Versioning & packaging constraints (carried over from the #1902/#1903/#1904 lessons and scripts/audit-plugin-packages.mjs)

  • The plugin pins dspy.ts as a normal dependencies entry (it is published, so this is fine) and pins it to a ^-range against a published version.
  • @claude-flow/* references in the plugin's package.json are peerDependenciesMeta.optional with >=X.Y.Z-0 ranges (so prerelease publishes resolve).
  • exports / main / module must point at files the build actually emits — the plugin-package-audit CI job (check D) will enforce this.
  • Listed in the IPFS plugin registry with the correct published version; discovery.ts demoPluginRegistry fallback kept in sync.

Consequences

Positive

  • New capability with low integration cost. Prompt-program optimization is a genuine gap; dspy.ts is AgentDB-native, so there is no impedance mismatch on storage, caching, or learning.
  • Fits the "self-learning" narrative. Compiled-then-warm-started modules are a concrete, demonstrable form of self-improvement that complements (rather than duplicates) the ambient intelligence loop.
  • Typed LM contracts. Signatures give agent authors a way to declare input/output shapes that are validated — a step toward less "free-text prompt as the only artifact".
  • Dogfoods the plugin packaging guard.
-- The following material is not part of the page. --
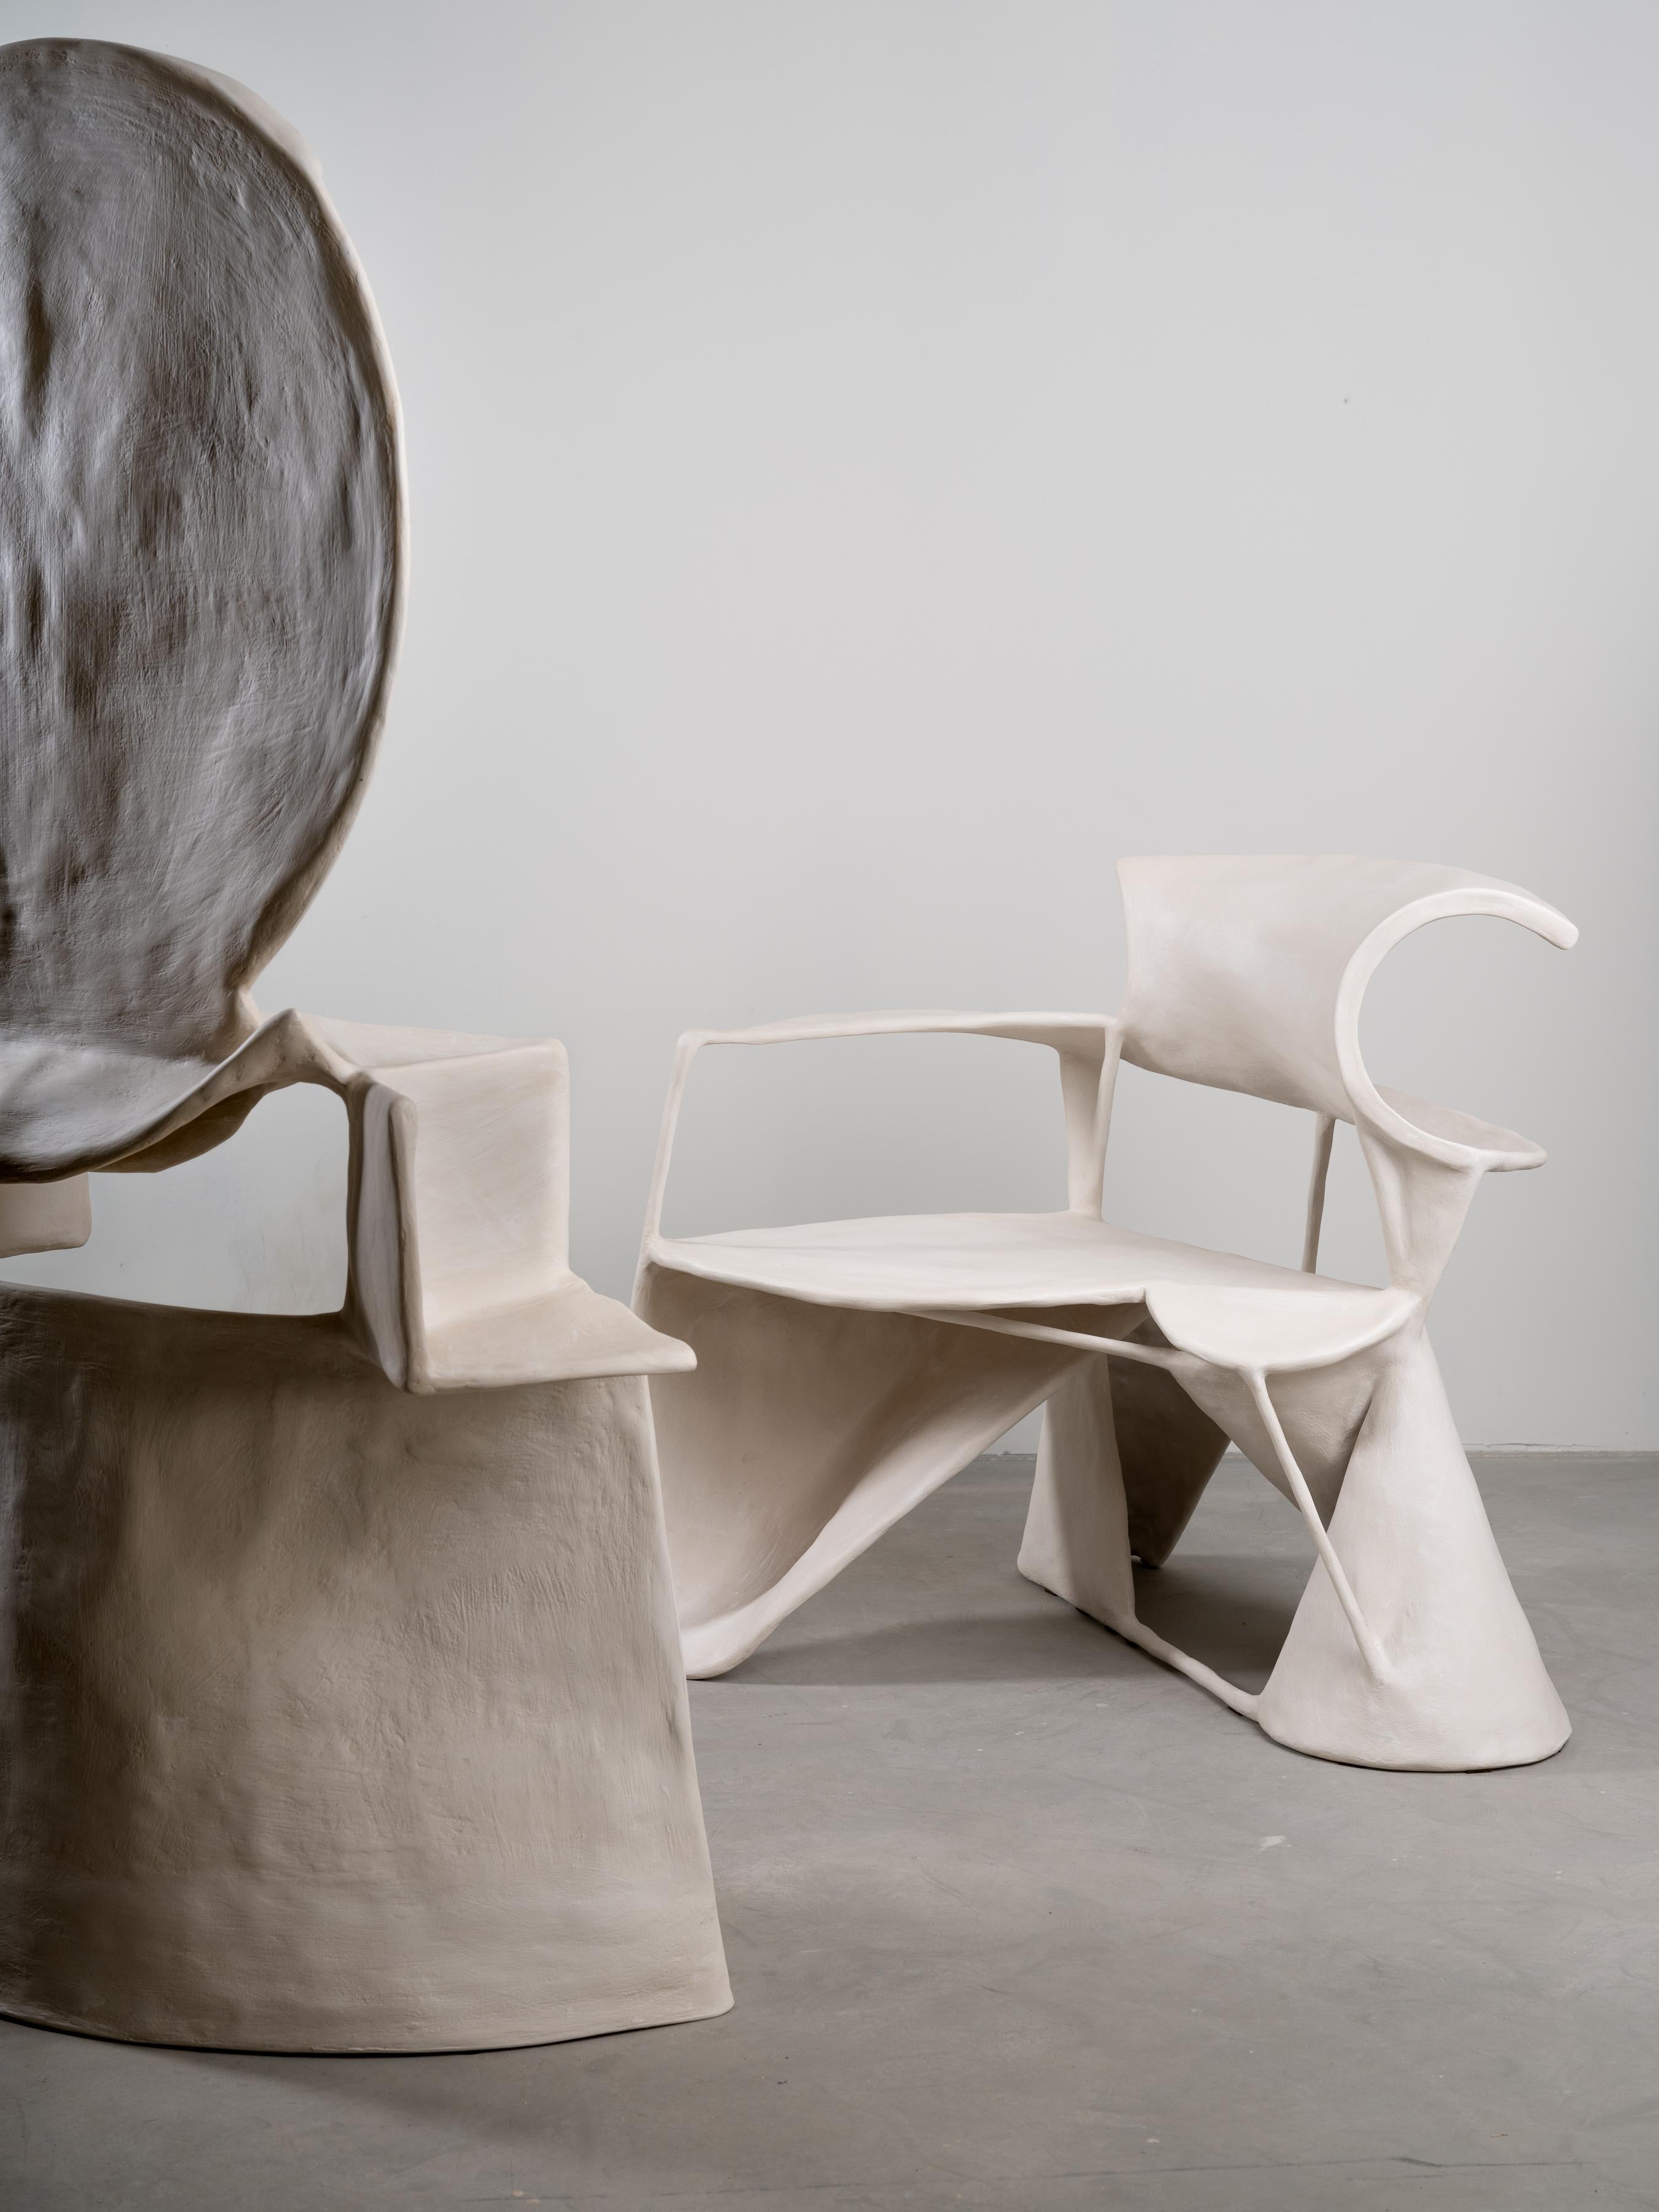 Steel Contemporary Design Textured Curved Sculptures Coiffeuse by Jordan van der Ven For Sale

A new plugin built after scripts/audit-plugin-packages.mjs lands is a clean test of whether the guard actually prevents the #1902/#1903/#1904 class for greenfield plugins.
  • First-party, MIT, same author. No third-party licensing or maintenance-risk concerns; the package and ruflo move together.

Negative

  • Conceptual-overlap maintenance burden. Keeping the DSPy/intelligence boundary sharp is ongoing work — code review must reject PRs that drift the plugin toward re-implementing the intelligence pipeline, and tool descriptions must keep disambiguating dspy_run vs agent_execute, dspy_module_load vs memory_retrieve (ADR-112).
  • Another package to keep version-aligned with the agentdb line (if dspy.ts and ruflo pin different agentdb majors, the shared-handle story breaks). Mitigated by both being first-party.
  • compile() has real cost. Optimizers make many LM calls. The opt-in hook and the /dspy skill must surface estimated cost before running, and compile() results must be cached aggressively (it already supports a fuzzy AgentDB cache via CachingLM).
  • Surface-area creep. ~7 new MCP tools on top of ~285 — every one needs an ADR-112-compliant description or it just adds noise.

Neutral

  • The plugin is opt-in; users who don't install it see no change. The "is this worth it?" bet is therefore low-downside — worst case, an unused plugin in the registry.
  • DSPy is a well-known paradigm (Stanford origin); adopting the TS port is following an external standard rather than inventing one.
  • This ADR records the decision to build; the plugin's own internal design (exact module bridging, hook semantics, namespace layout) is left to a follow-up implementation PR and may produce a sub-ADR if non-obvious trade-offs arise.
  • dspy.tshttps://github.com/ruvnet/dspy.ts · https://www.npmjs.com/package/dspy.ts
  • Stanford DSPy — https://github.com/stanfordnlp/dspy
  • ADR-026 — 3-tier model routing (the routing layer DSPy modules would call through)
  • ADR-098 — plugin capability sync + token/performance/intelligence optimization (how a dspy plugin advertises its capabilities; complements rather than overlaps the intelligence optimizer)
  • ADR-112 — MCP tool discoverability (every new dspy_* tool description must comply)
  • ADR-G008 — optimizer promotion rule, "win twice to promote" (bears directly on when a DSPy-compile()'d module is allowed to replace the current one; reuse this rule rather than inventing a DSPy-specific one)
  • ADR-G009 — headless testing harness, Claude Code as the evaluator (the natural way to run dspy_eval / compile() metrics that need a judging LM)
  • scripts/audit-plugin-packages.mjs — plugin packaging guard the @claude-flow/plugin-dspy package must pass (#1902/#1903/#1904)

Causal edges (AgentDB): ADR-114 depends-on ADR-G008 (promotion semantics), ADR-114 depends-on ADR-G009 (eval harness), ADR-114 relates-to ADR-098 (capability registration), ADR-114 relates-to ADR-026 / ADR-112 (must comply).